Klingen highlighted two benefits. The agent can answer a specific implementation question without fetching several documents. Langfuse can also track the search parameters. If an agent merely fetches docs from a user’s laptop, Langfuse has little visibility into what problem the agent is trying to solve. If it queries the search endpoint, the team can see patterns: users asking about tracing through a proxy, creating prompts, RAG evaluation, user ID tracking, hallucination tracing, or score types. Those queries indicate both areas of interest for future skills and gaps in documentation.

Mechanism	What it gives the agent	What it gives Langfuse
Documentation index	A list of available docs pages with titles and URLs	Less undirected navigation across hundreds of pages
Markdown page fetches	Clean text, examples, and configuration details	Lower token overhead than HTML parsing
Natural language docs search	Relevant documentation chunks for a specific query	Production signals about what agents and users are trying to do

Langfuse’s skill helps agents find current information before they attempt an implementation

The search endpoint was one of the pieces Klingen said he was most excited about, because it made the skill both more efficient for agents and more informative for the product team.

A basic eval harness was enough to make skill changes less blind

Klingen said the team initially struggled to define evaluations because Langfuse users build many kinds of applications: chat, real-time voice, video generation, background invoice processing for tax software, and more.

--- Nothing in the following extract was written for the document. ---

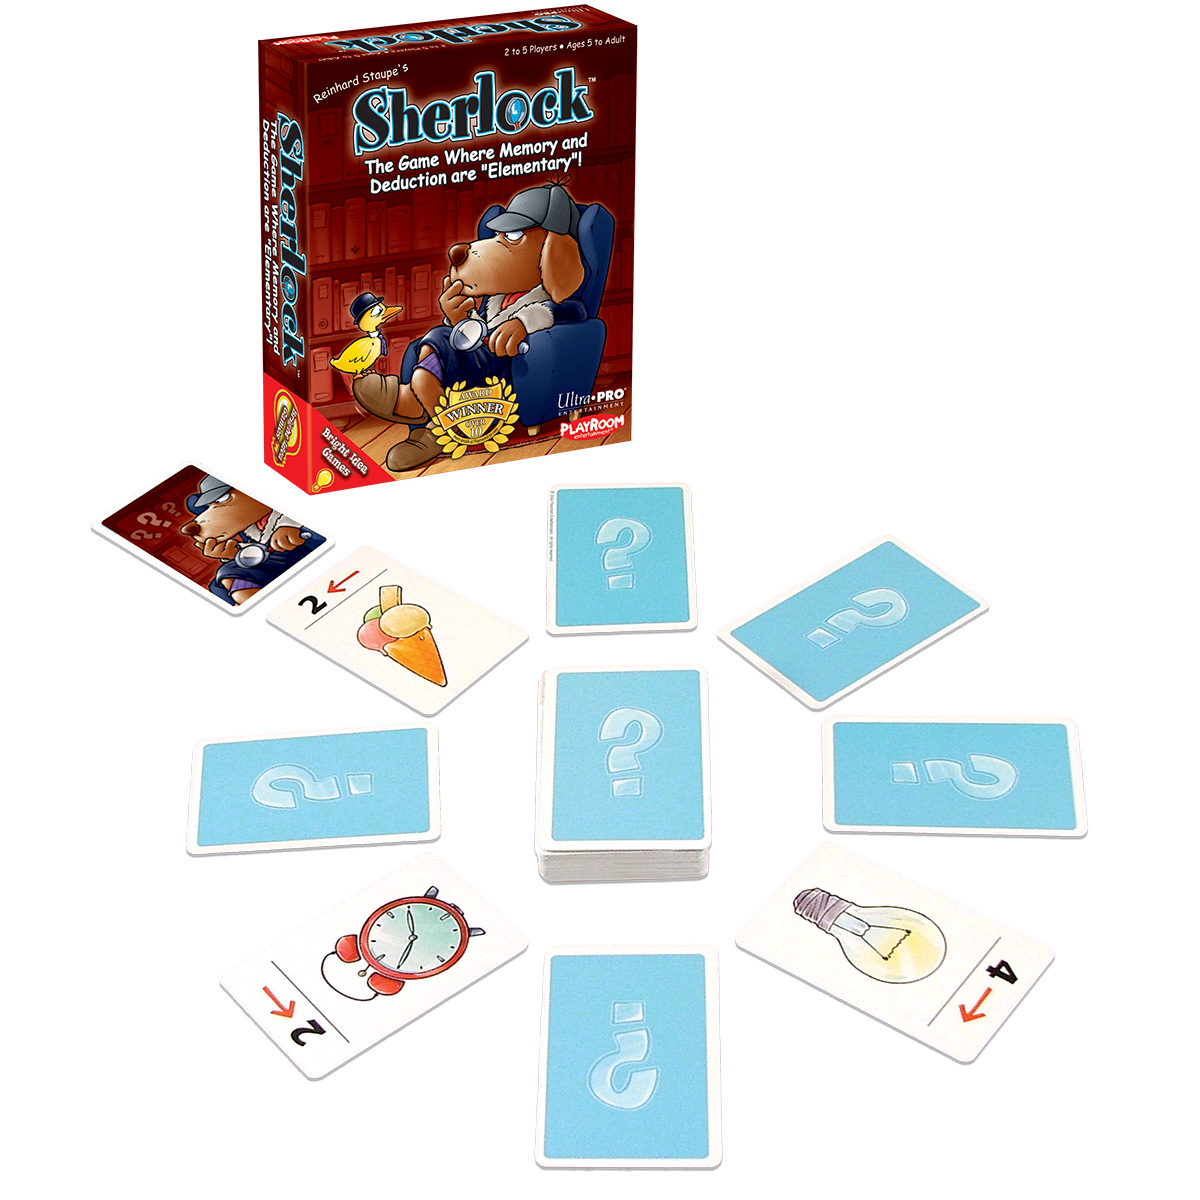 Sherlock | Kids Memory Game for Ages 5 and Up | Ultra PRO Entertainment

A universal “good” setup is hard to specify.

The compromise was to start with five sample repositories of varying complexity. The skill runs against each repository. The test prompt is simple — instrument the application with Langfuse — but the expected outcomes are expressed as natural language assertions evaluated by an LLM-as-a-judge over the file system and diff state before and after the run.

In one example, the repository is an OpenAI custom function RAG application. The expected behavior includes adding OpenAI instrumentation and producing retrieval spans. If retrieval spans are missing, the agent may have captured only LLM calls rather than the parts of the application that matter for a RAG trace.

Klingen’s point was pragmatic: the eval setup was not exhaustive, but it let the team release new versions of the skill with more confidence. They could make changes and detect obvious improvements or regressions. He connected this back to Langfuse’s broader reason for existing: the same need for tracing and evaluation that appears when building AI agents also appears when building skills for those agents.

The skill should point to living references, not become another stale manual

One of the strongest tensions in Klingen’s account was between giving agents more context and keeping that context current. Developers and community contributors have an incentive to add extensive content directly into a skill because it feels like a local documentation cache. But that repeats the pre-training problem at a smaller scale. Once copied, the content can drift from the real docs.

Langfuse therefore tries to reference dynamic content rather than duplicate it. For framework integrations, the skill points agents to specific documentation pages for OpenAI SDK, LangChain, LlamaIndex, Vercel AI SDK, LiteLLM, and the full integration list. Klingen said the relevant implementation information should remain part of the normal docs release cycle. That avoids multiple conflicting sources of truth while still giving the agent explicit entry points.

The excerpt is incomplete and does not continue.